Hi, everyone!
I hope you’re having a good weekend, and that the past week was good for you and your team.
I’m working (with some help) on tidying up and improving the material from the hiring and performance management series from the newsletter at the start of the year; I’d like to turn those into expanded and more coherent writeups that can help other research computing team leaders (or those interested in becoming one). Other topics that came up when last I asked for suggestions were:
Strategy
Product management
Peer mentorship
Levelling & promotion in research computing
Let me know if there are others you’d like to see, or questions or input you have - just hit reply, or email me at jonathan@managerphd.com.
And now, the roundup:
Managing Individuals
Why “start bringing solutions, not just problems” doesn’t work - Lara Hogan, Wherewithall
We’ve talked often about why it’s best for you and your team members for you to avoid trying to solve problems directly for them, and instead help coach them to find a solution yourself. But how do you do that well, in a way that makes them comfortable coming to you raising issues?
Hogan has some suggestions for questions to ask:
What could we try?
If you could wave a magic wand, what one thing would you change?
What, deep-down, do you truly want?
What do you need?
What’s in the way?
What’s holding you back?
and suggests giving feedback on approaches if that doesn’t work. She also cautions against trying to help the team member come to a solution if they’re just venting about something; venting is natural, we all do it sometimes, it’s even good in a way if they’re comfortable venting with you, so you want to allow it but without necessarily letting it spiral out of control or happen regularly.
Hogan also includes some approaches for if your manager tells you something similar, including looking for other people to raise the issue with.
Managing Teams
Good Meetings - Sara Drasner
The purpose of the meeting is clear
There’s an agenda (we’ll dive in to the complexity of this in a moment)
There are the right people in the room. Not too many where communication is overly complicated, not too few where the people you need to move forward aren’t there.
There’s some order. People aren’t dropping in and out, talking over each other, or being generally inconsiderate
There’s a clear decision, outcome, and next steps at the end
Some points Drasner makes that I think are particularly useful in our context include the fact that purpose isn’t the agenda, the agenda is a tool that serves the purpose; that different kinds of meetings need to be run different ways; that too many people in the meeting is a common failure mode; and that respectful conflicts are good, and that people not saying things that need to be said are bad.

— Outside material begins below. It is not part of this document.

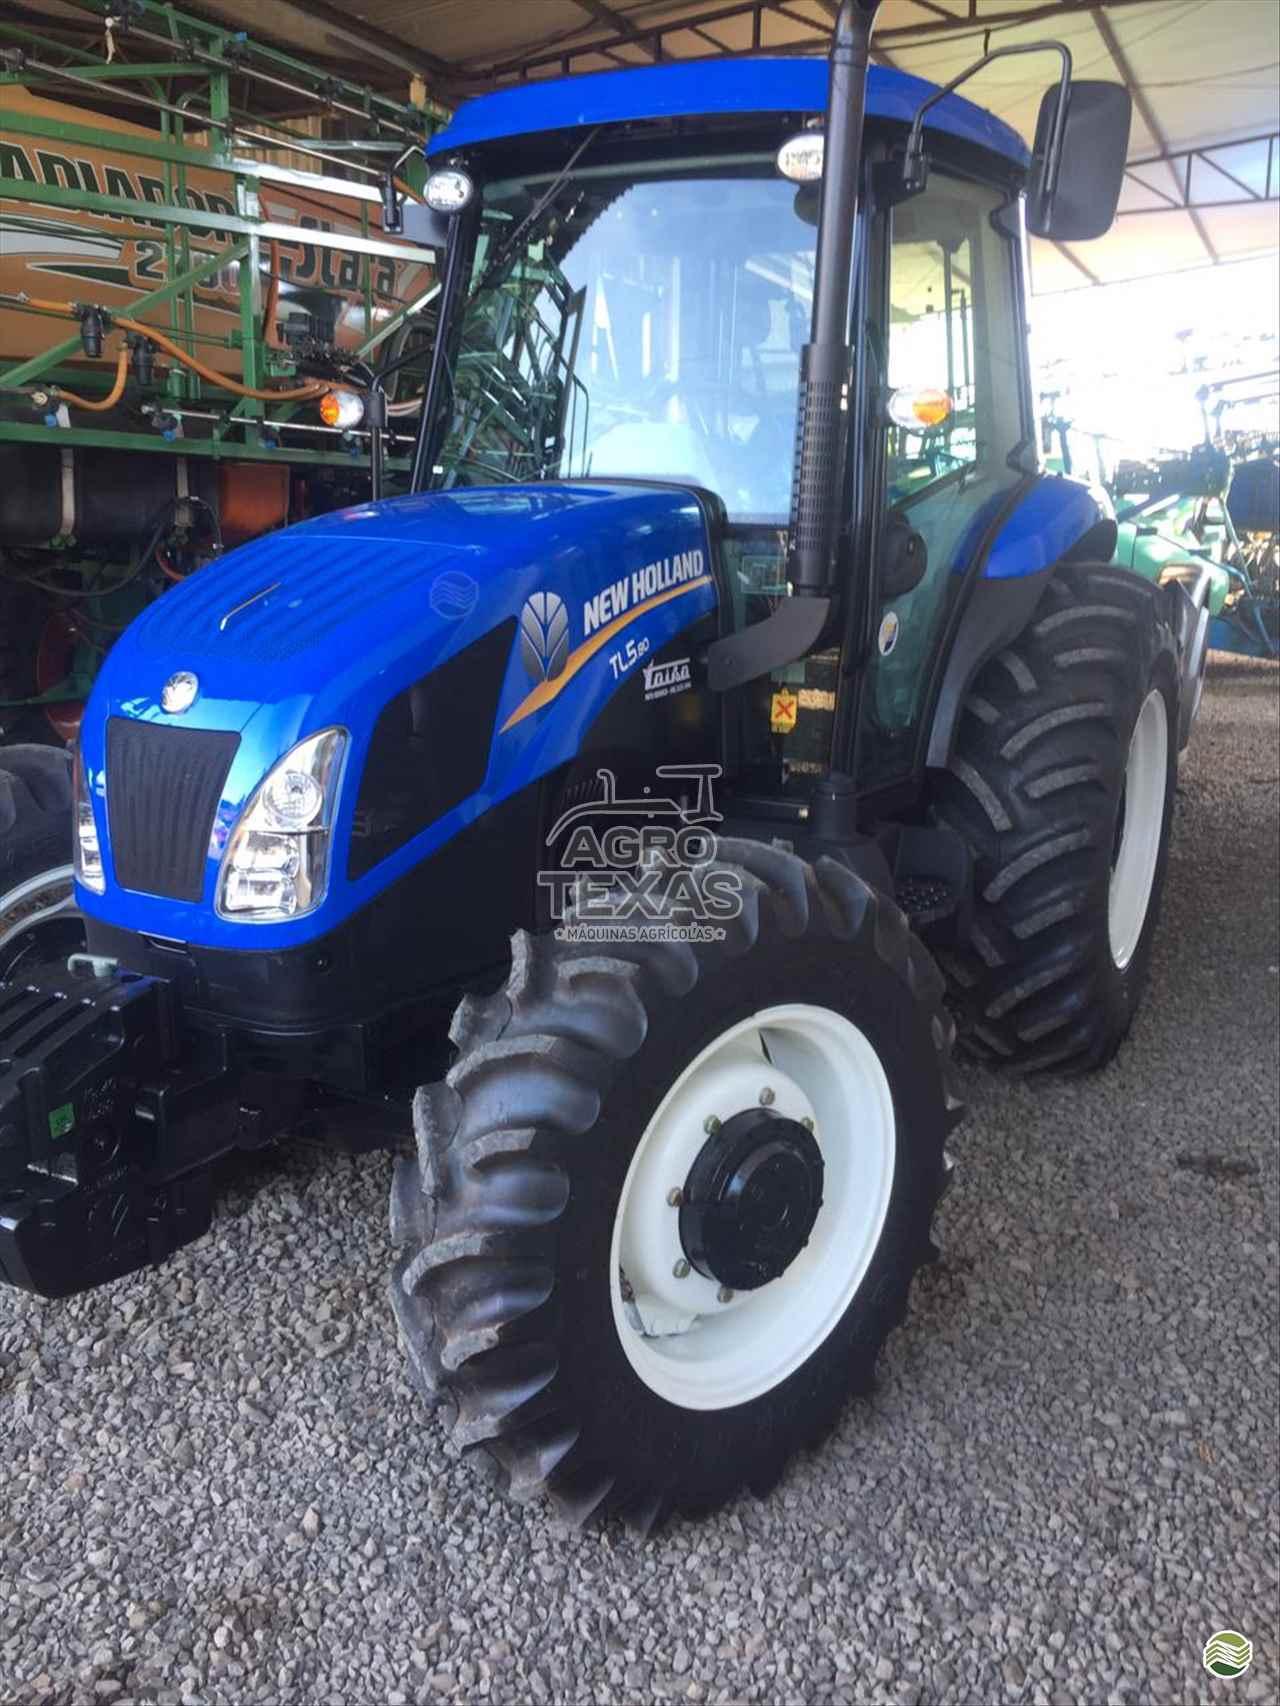 TRATOR NEW HOLLAND NEW TL5.80 Tração 4x4 Agro Texas Máquinas Agrícolas VITORINO PARANÁ PR

She also suggests meetings can be started and finished with sentences that sum up:
The shared purpose
What you’re doing about getting to that outcome
Who is owning what
How
When, what are the timelines
Three Core Ideas to Make Remote Work, Work - Cate Huston
Huston has been working remote for over five years, and for those of us getting ready to continue working remote for real and without a pandemic driving it, suggests three key approaches:
Embrace async.
Enable autonomy.
Build connection.
Crucially, these are all team-enhancers for in person teams, too:
Even for team members all going to the same office, meetings can be hard to schedule, unnecessary meetings are bad, and having written documents outlining how decisions came to be are good and helpful
Autonomous teams where individuals have significant control can respond faster and more robustly, especially where there’s documentation to support that
Office culture helps build connection but even there being intentional about how its done makes the connections stronger
Random
In praise of the underappreciated architecture which greatly influenced both DOS/Windows and UNIX systems - the Vax.